> Brief
All lines from the one containing "Rein weiß 3Chip" through the final line of the listing below, and no others, must be returned exactly; no pictures belong in the copy.

*** Opening Recorded data ***

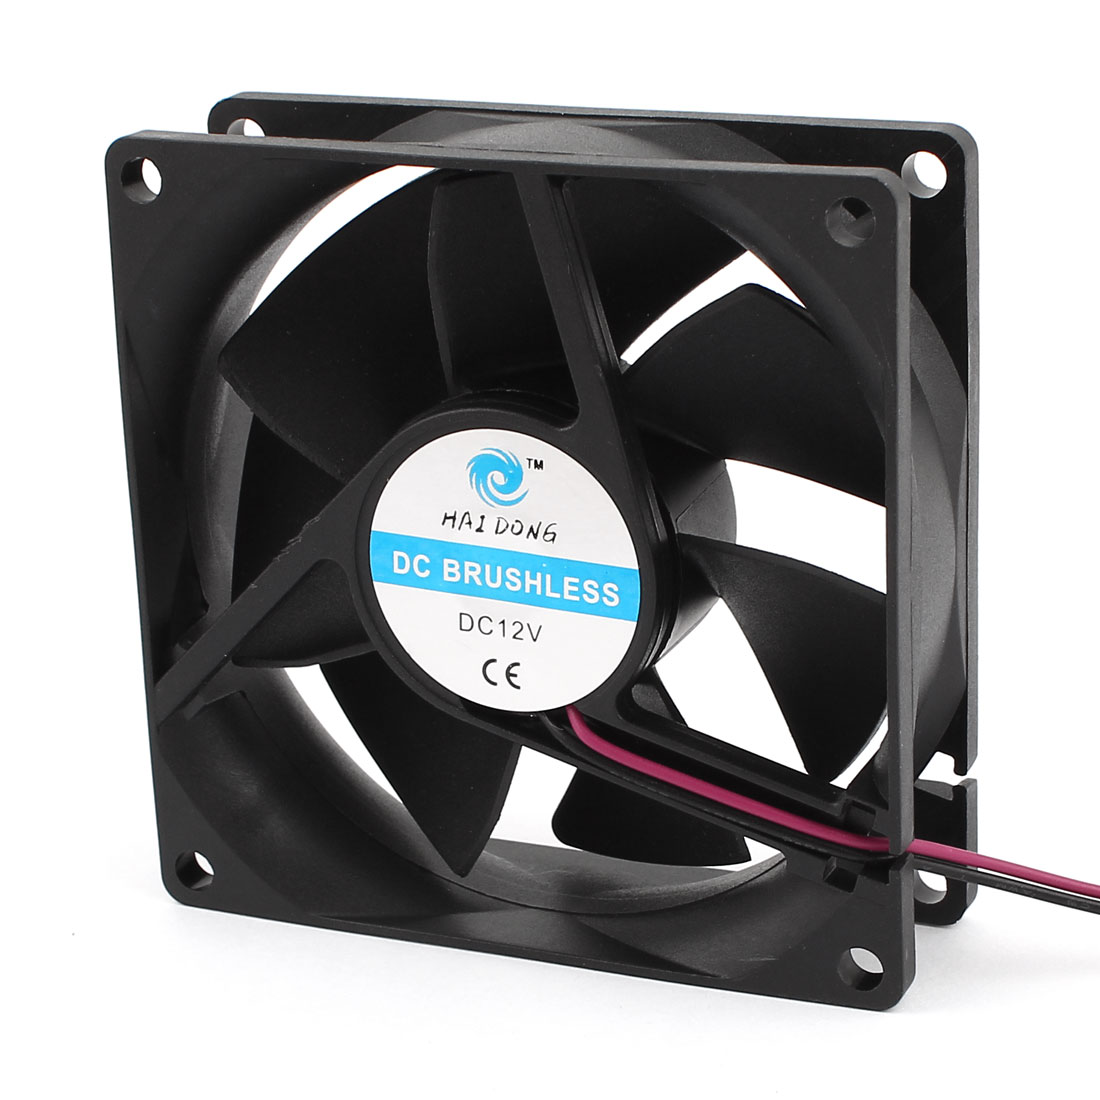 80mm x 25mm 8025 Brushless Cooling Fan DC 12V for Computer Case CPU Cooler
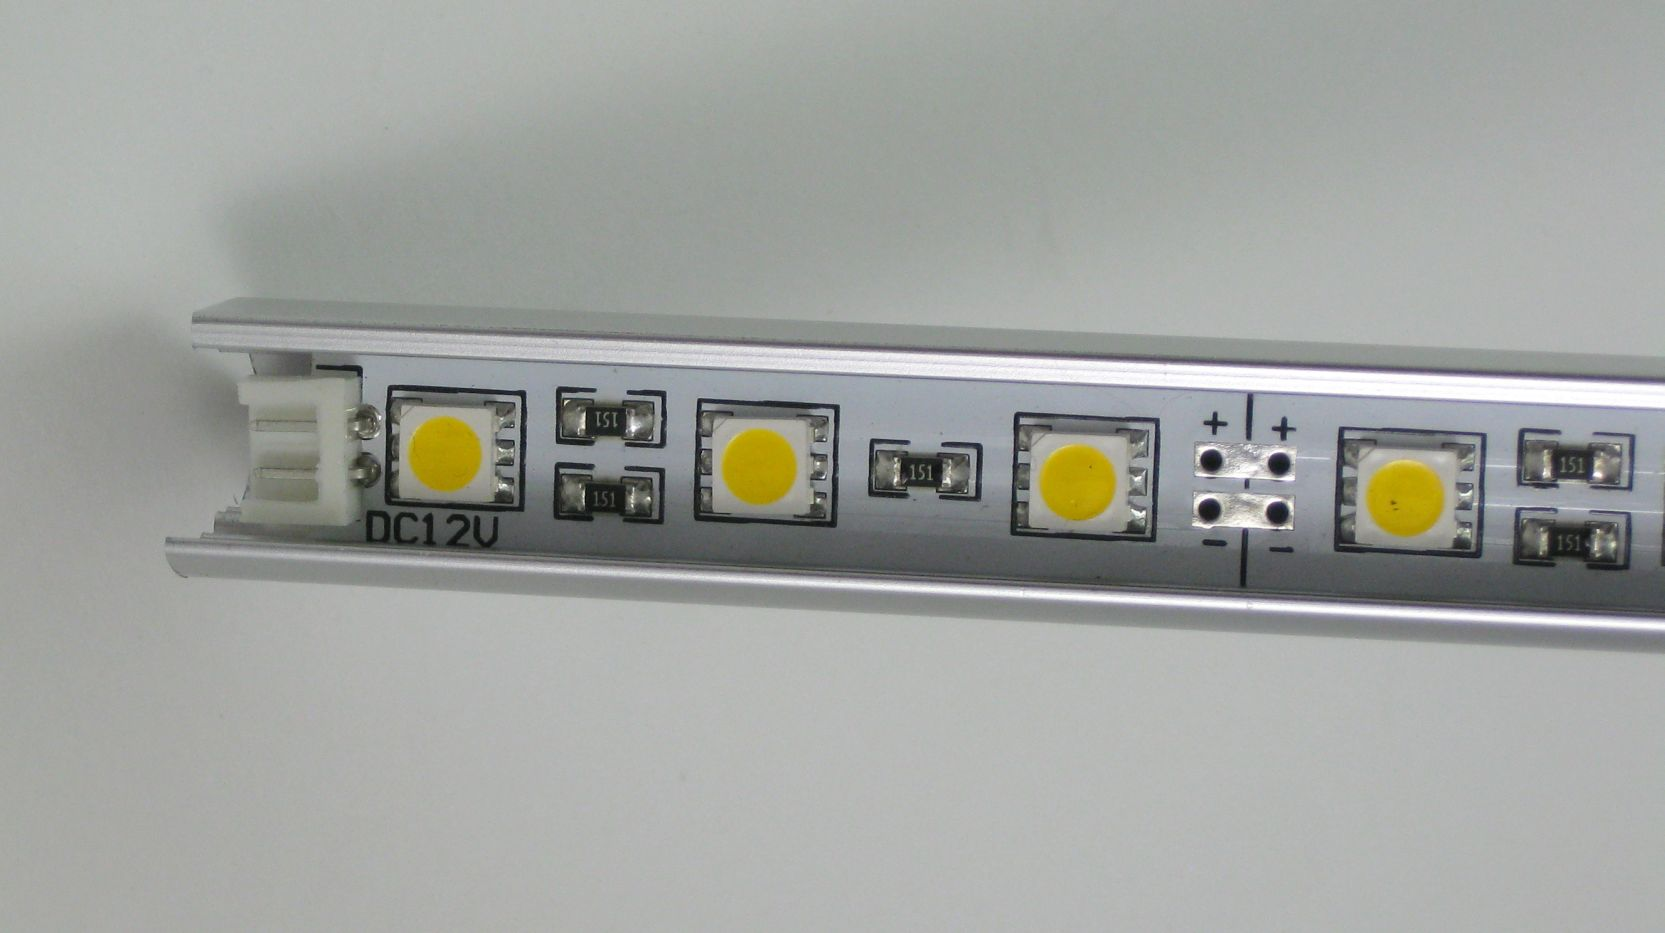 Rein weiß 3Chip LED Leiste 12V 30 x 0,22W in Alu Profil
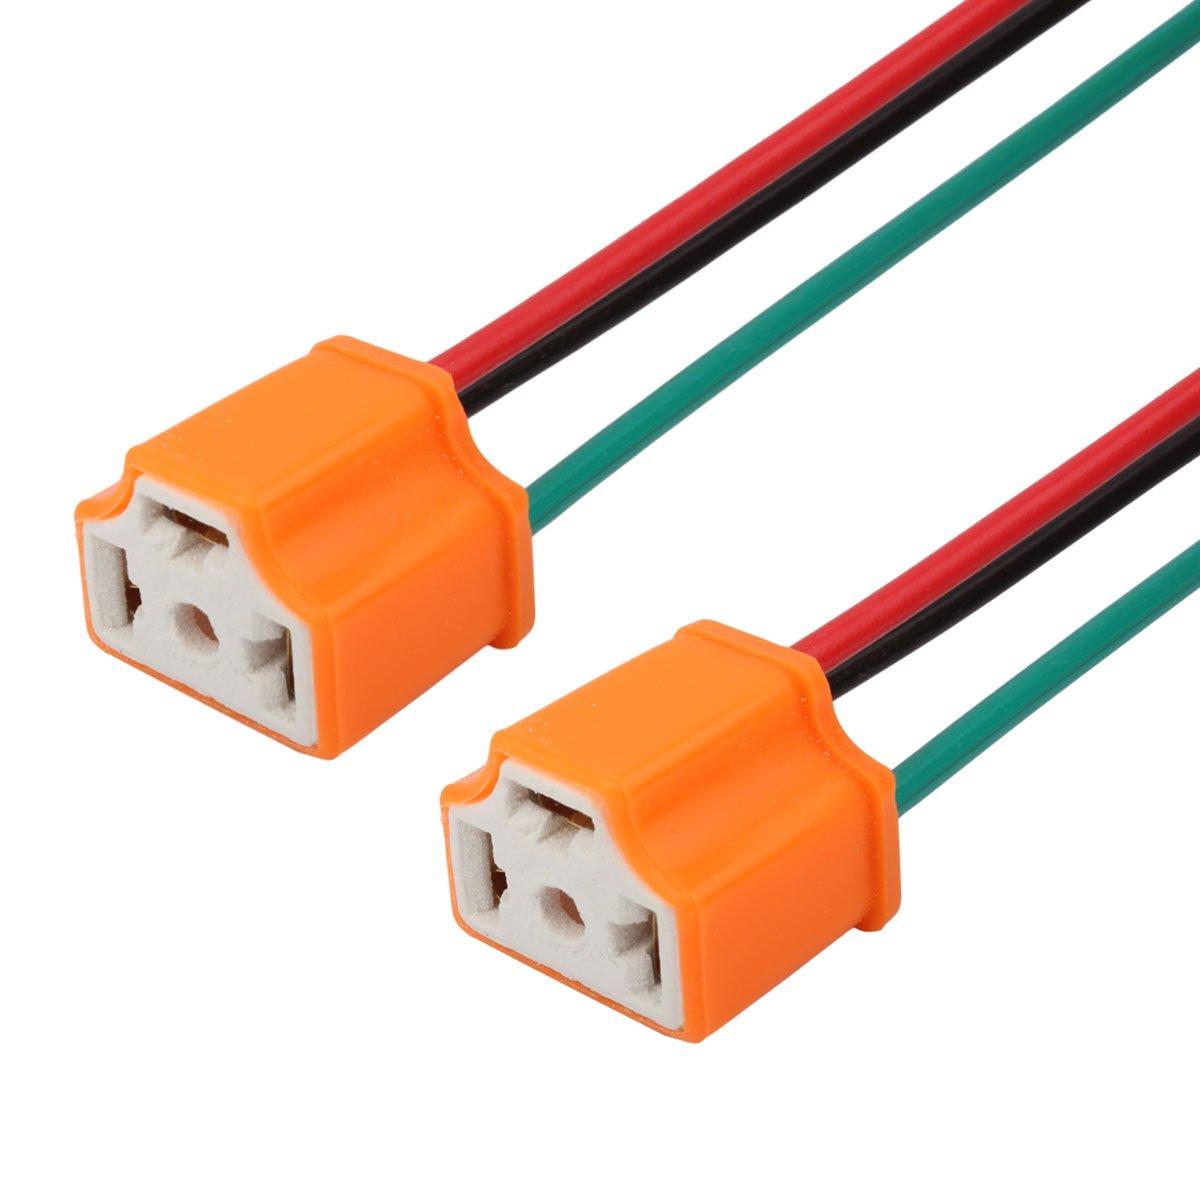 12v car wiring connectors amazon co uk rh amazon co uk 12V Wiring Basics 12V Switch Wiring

*** Closing Recorded data ***

> Result of this exercise
 Rein weiß 3Chip LED Leiste 12V 30 x 0,22W in Alu Profil
 12v car wiring connectors amazon co uk rh amazon co uk 12V Wiring Basics 12V Switch Wiring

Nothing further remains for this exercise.